Trade Sustainability Impact Assessment of a free Trade Agreement between the European Community and Libya
» Context

The EU-Libya Trade SIA has been prepared in response to a tender from the European Commission covering trade sustainability impact assessments. A copy of the European Commission’s Terms of Reference are available here.

Following a series of policy shifts over the last decade, including the end of UN sanctions in 2003; the application to join the WTO in 2004; and the recent USD5 billion settlement with Italy relating to outstanding issues arising from the colonial period, Libya finds itself on the cusp of significant economic reform. With its leading existing trading partners presently found in Europe, the prospects for enhanced economic collaboration with the European Union are significant.

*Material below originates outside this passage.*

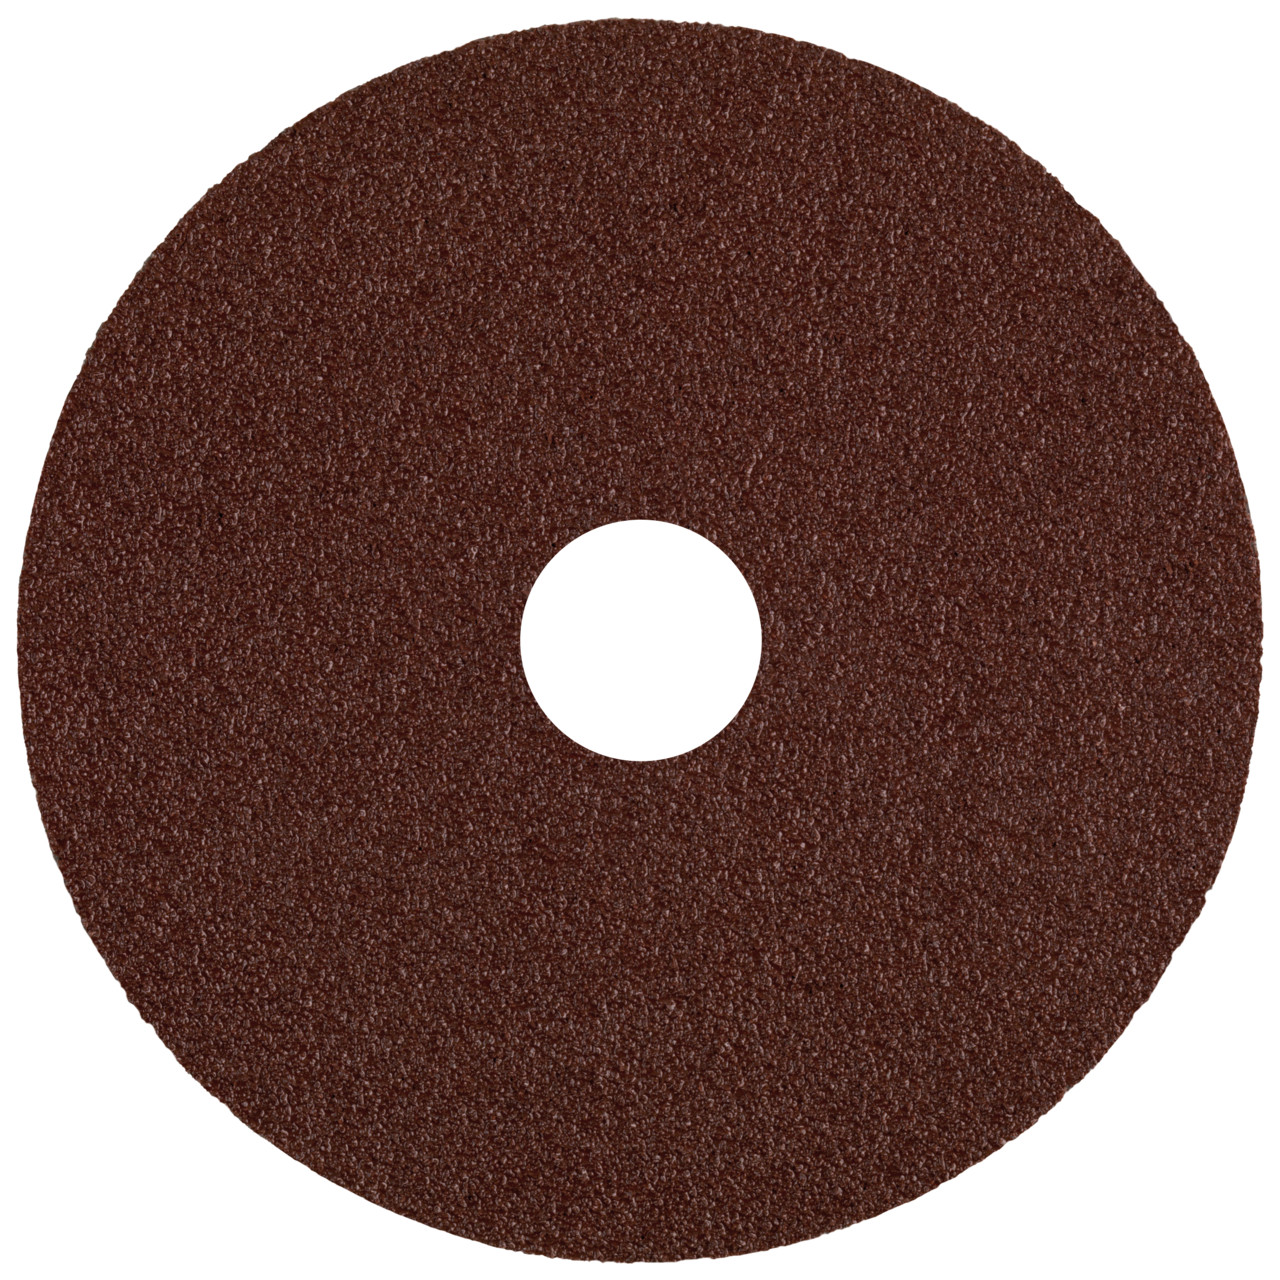 Tyrolit A-B02 V Vulcanised fibre disc DxH 180x22 For steel, non-ferrous metals and wood, P40, shape: DISC, Art. 34286509

Like many other countries in the region, Libya suffers from significant structural imbalances. For example, its territory is roughly three times the size of France yet most of it is uninhabitable. To create even the most basic infrastructure requires massive investment. Libya is also one of the least diversified economies in the Maghreb: in 2005 oil comprised 94 percent of total exports, 25 percent of GDP and 60 percent of wages. Despite this, the energy sector returns little in the form of local employment. Given rising unemployment levels, a rising population and the fact that Libya imports 75 percent of its food intake, economic diversification has become a policy priority.

Funding for such policy shifts themselves mostly derive from oil-related revenues. According to figures from the Central Bank, 2007 total public revenue stood at just over LD53 billion, of which oil comprised almost LD49 billion. In addition to oil-related taxes, individual income taxes range from 5% to 35%, while the highest corporate tax level of 40% is for annual profit of over LD 500,000 (€ 287,000). Total public expenditure in 2007 was almost LD31 billion, of which as much as 60% was consumed by Libya’s extensive public sector.

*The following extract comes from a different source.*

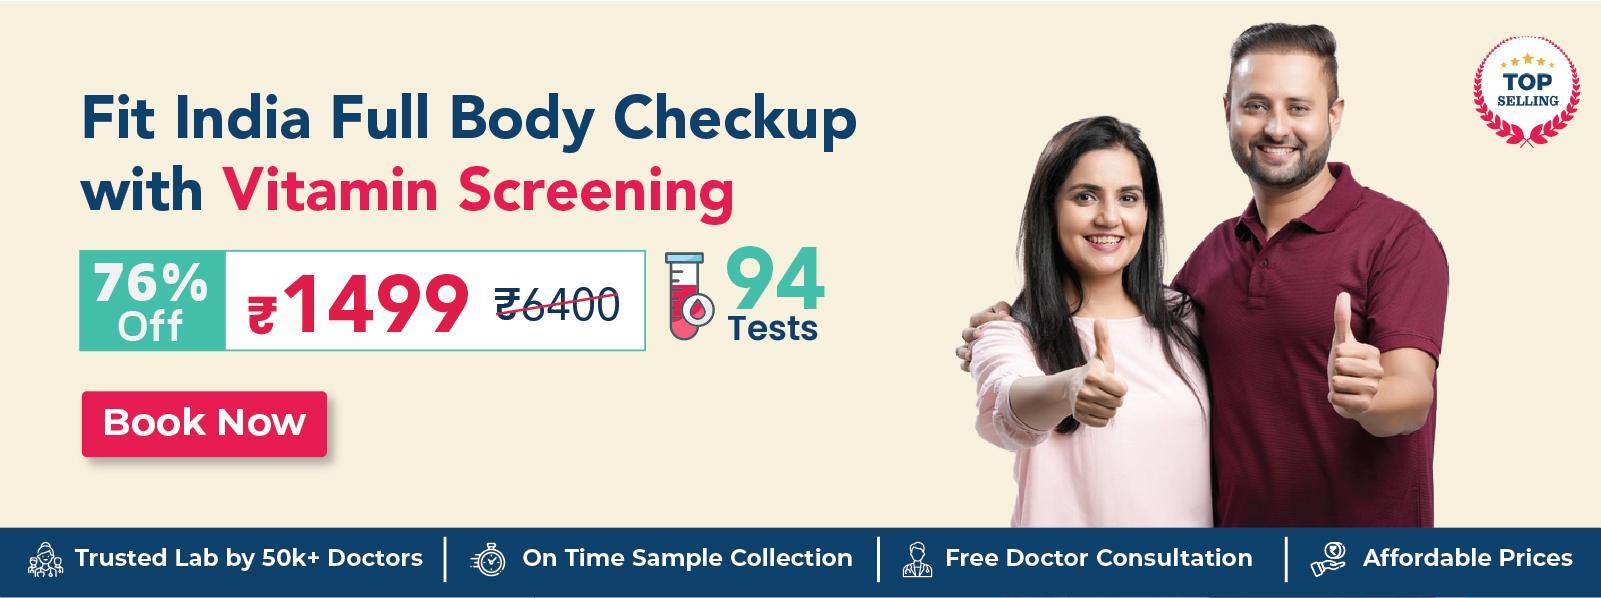 Fit India Full Body checkup with Vitamin Screening in Ludhiana

In this context of a well-resourced yet severely structurally deficient economy, opportunities for deeper economic partnership between Libya and the European Union are extensive. A few of the baseline factors that will likely most affect the nature of that partnership going forward – trade issues, issues by economic sector and social considerations are analysed in the Study and will form a baseline of sectoral studies to be considered.